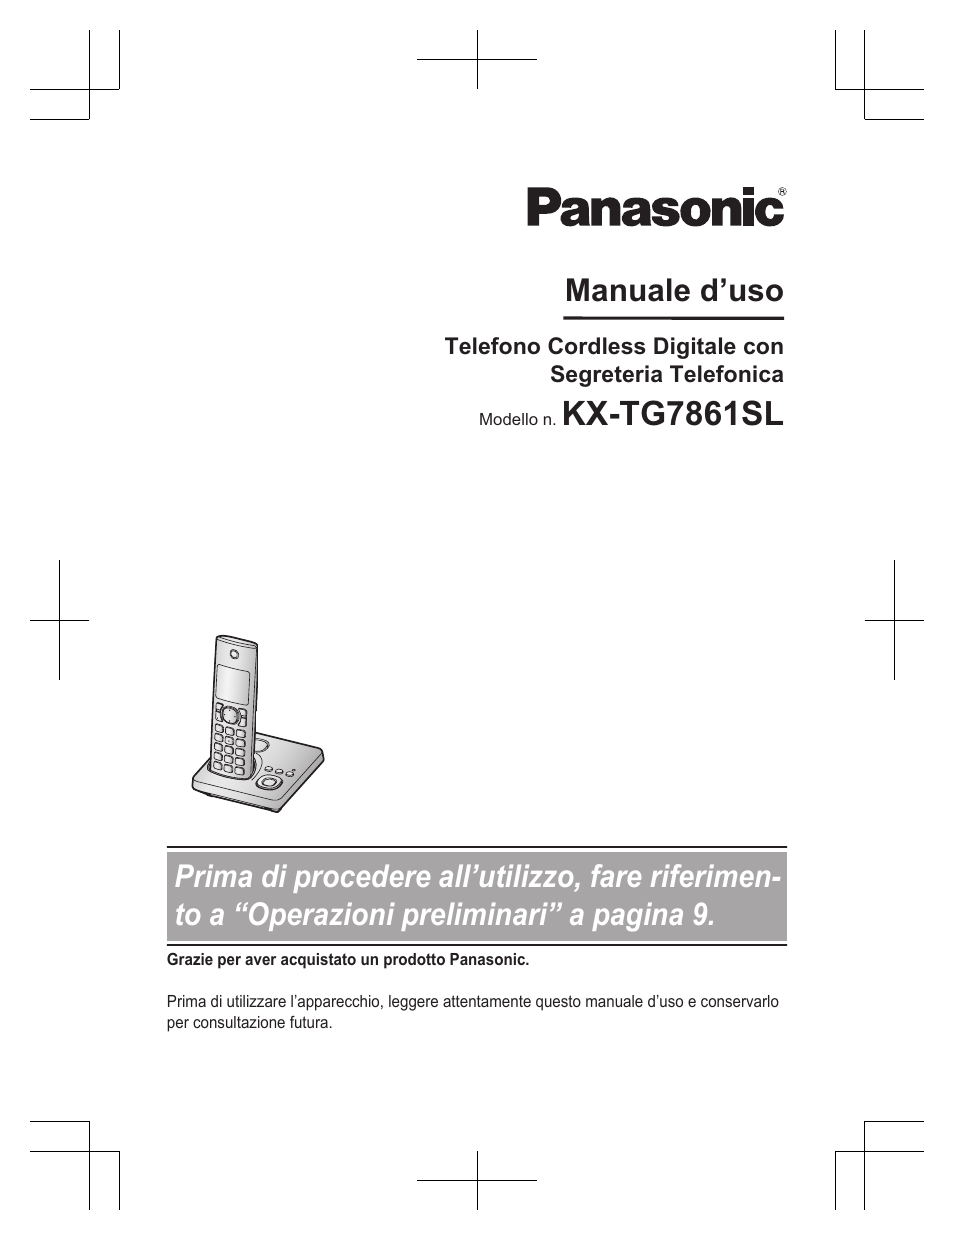 Panasonic KXTG7861SL Manuale d'uso | Pagine: 52
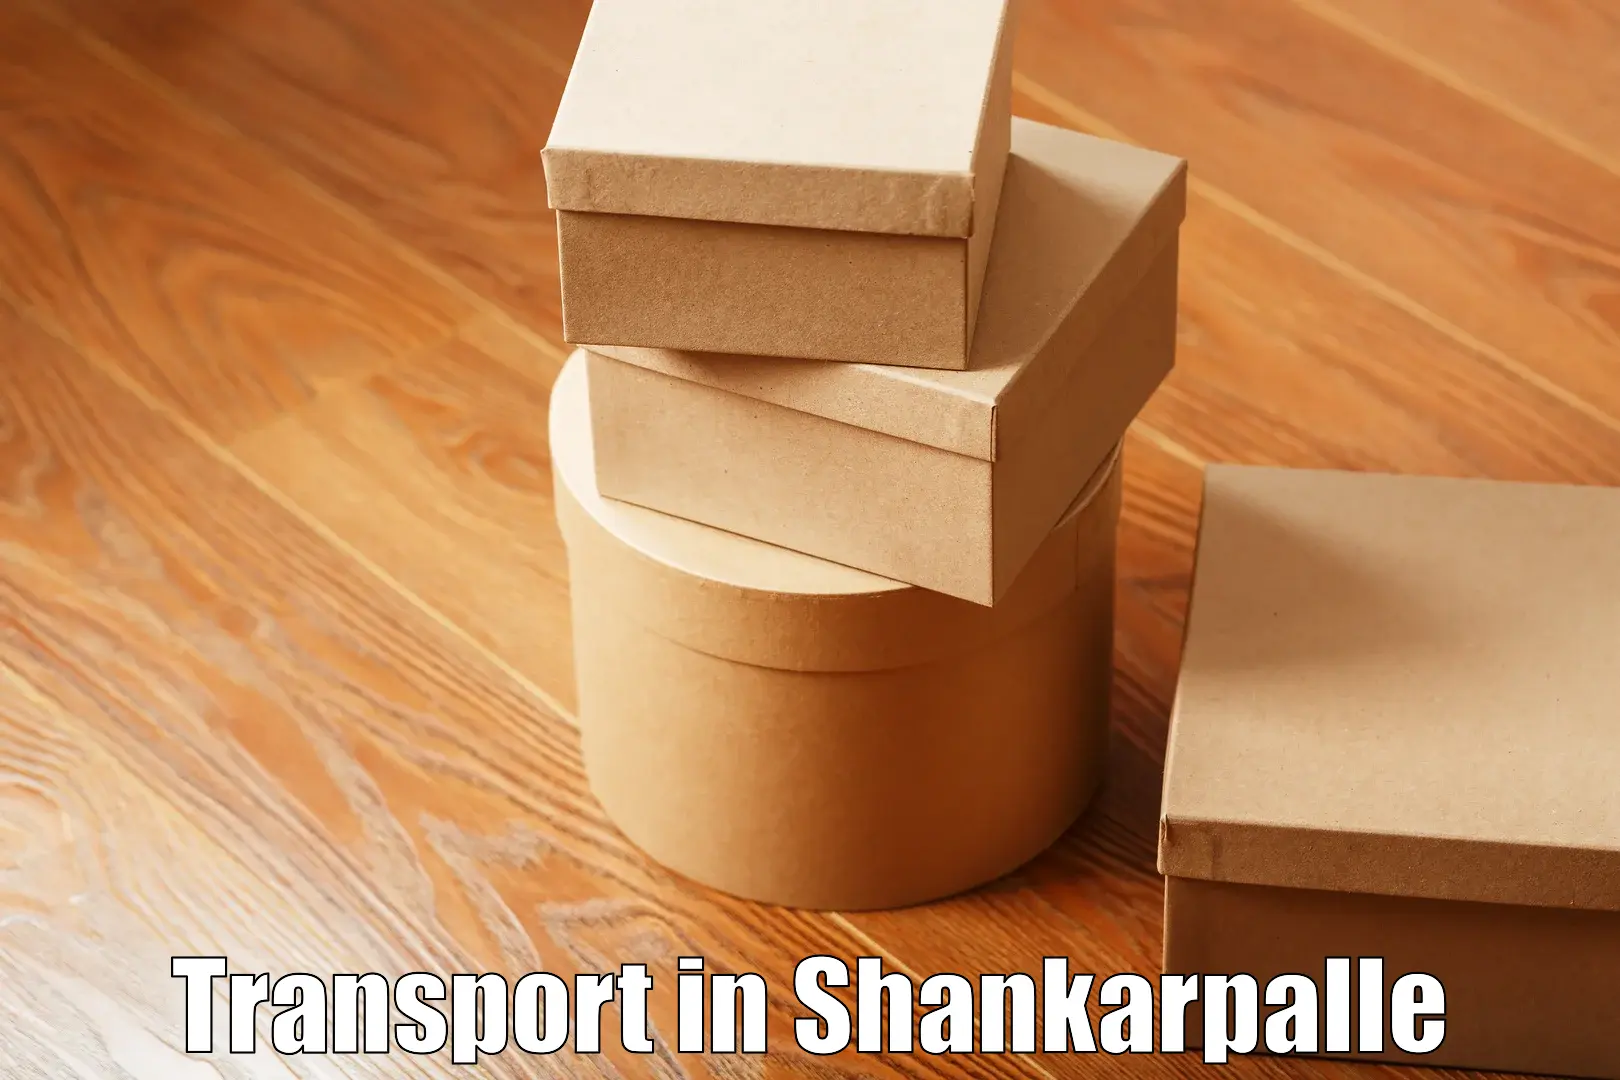 Road transport online services in Shankarpalle
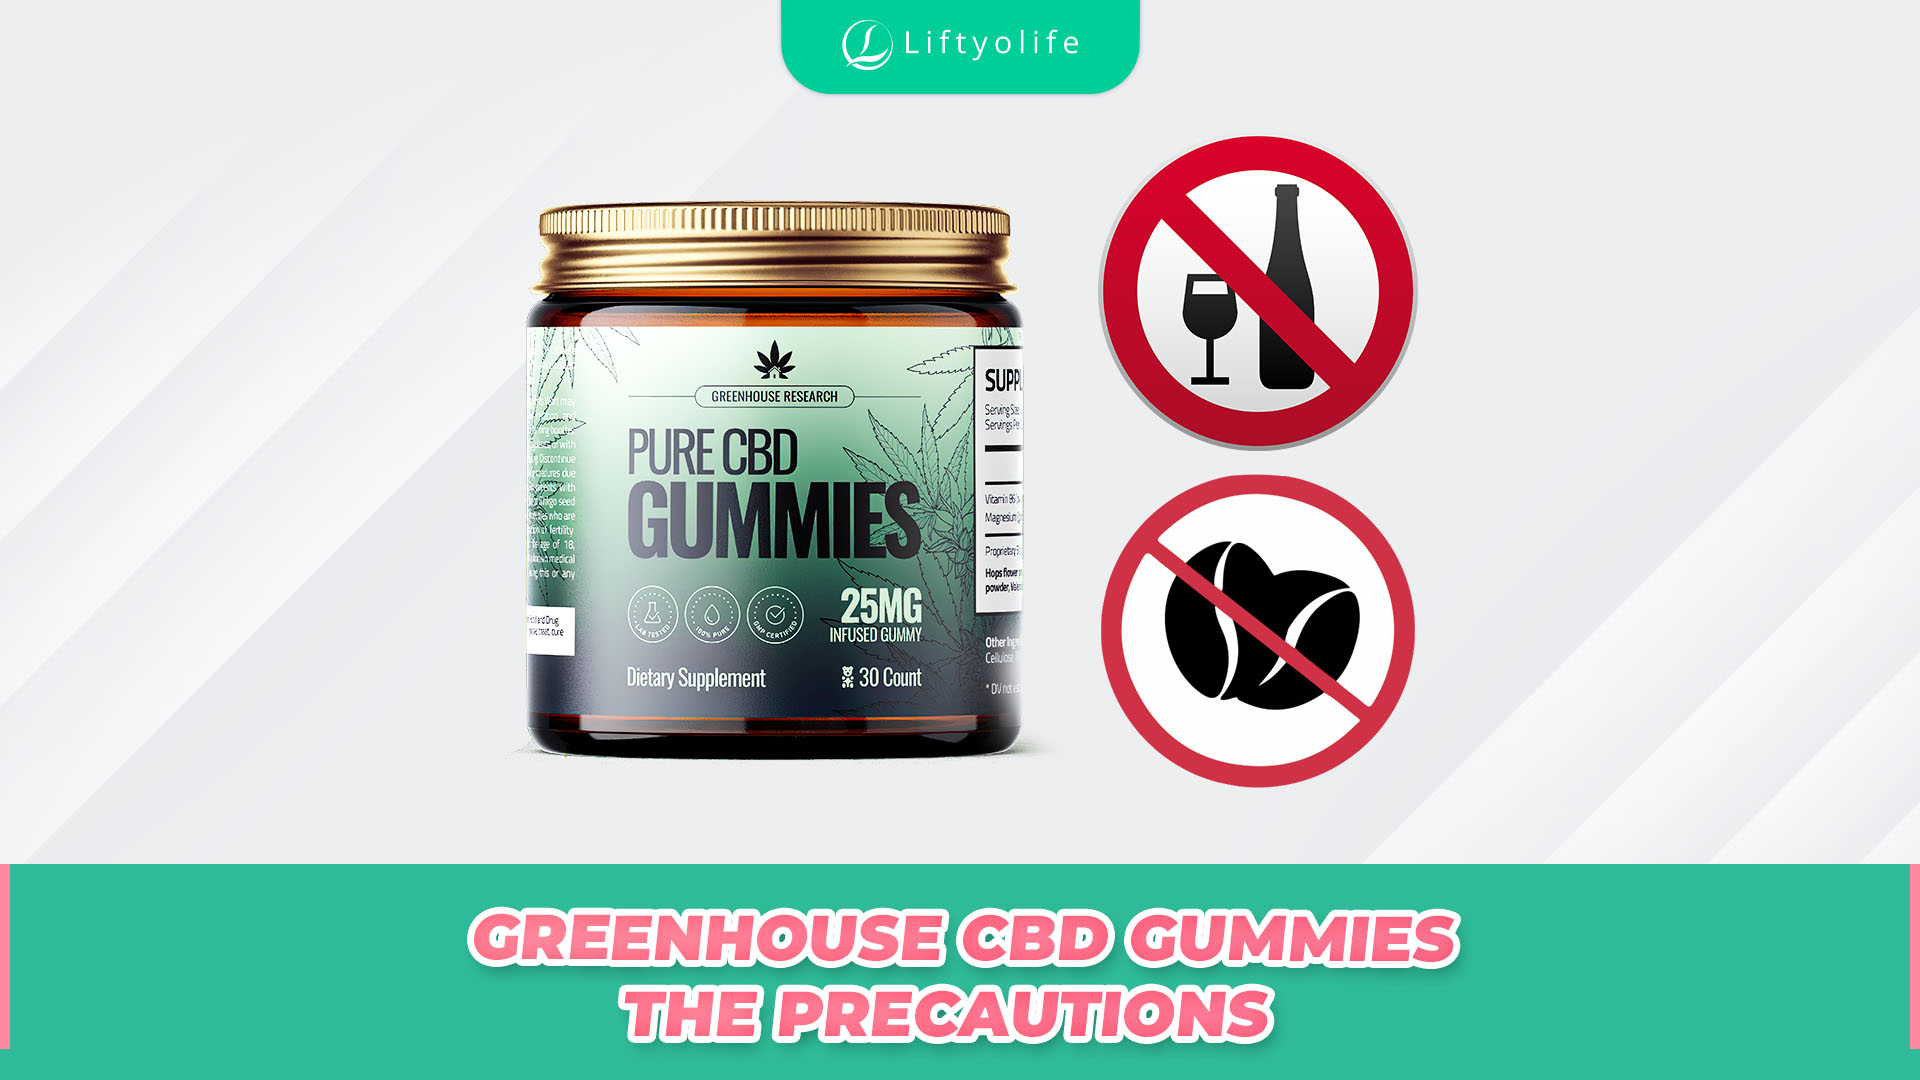 Greenhouse CBD Gummies Review: The Precautions 
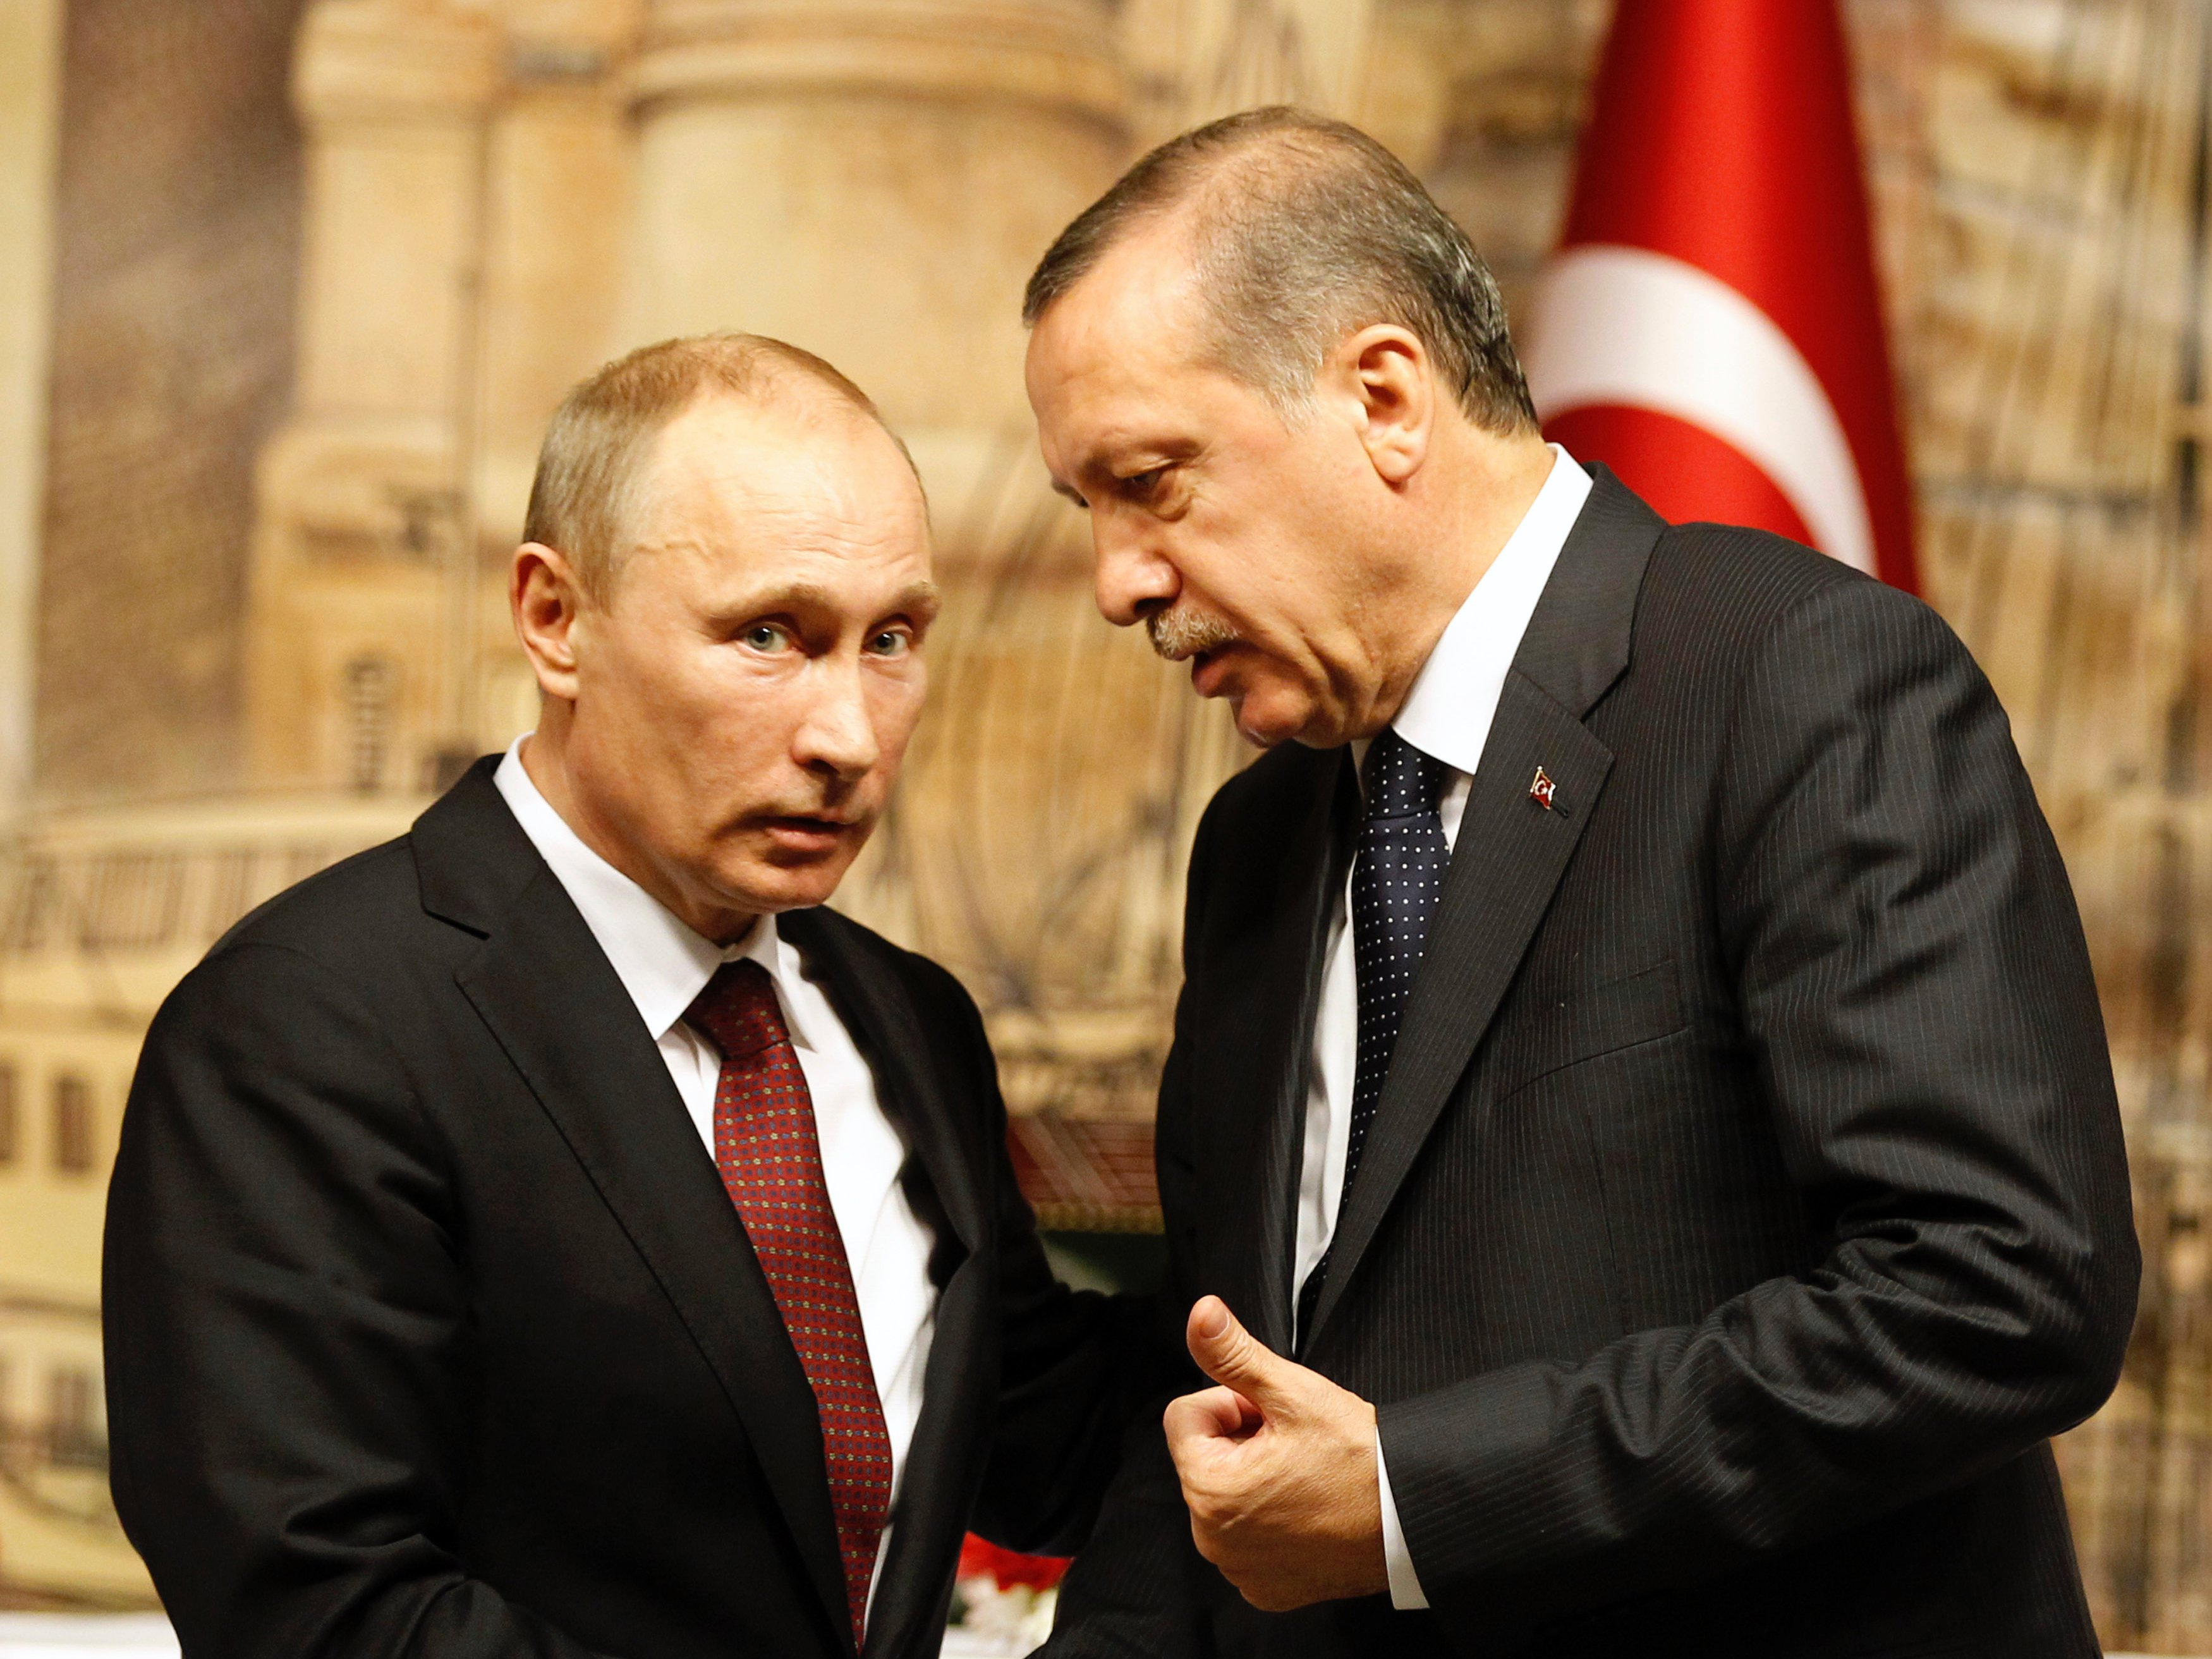 Putin and Erdogan to meet next month amid growing rapprochement

------

#### [WHAT TO PRODUCE]
Would you give the material back exactly, minus the pictures?

#### [YOUR RESPONSE]
 Panasonic KXTG7861SL Manuale d'uso | Pagine: 52
 Road transport online services in Shankarpalle
 Greenhouse CBD Gummies Review: The Precautions 
 Putin and Erdogan to meet next month amid growing rapprochement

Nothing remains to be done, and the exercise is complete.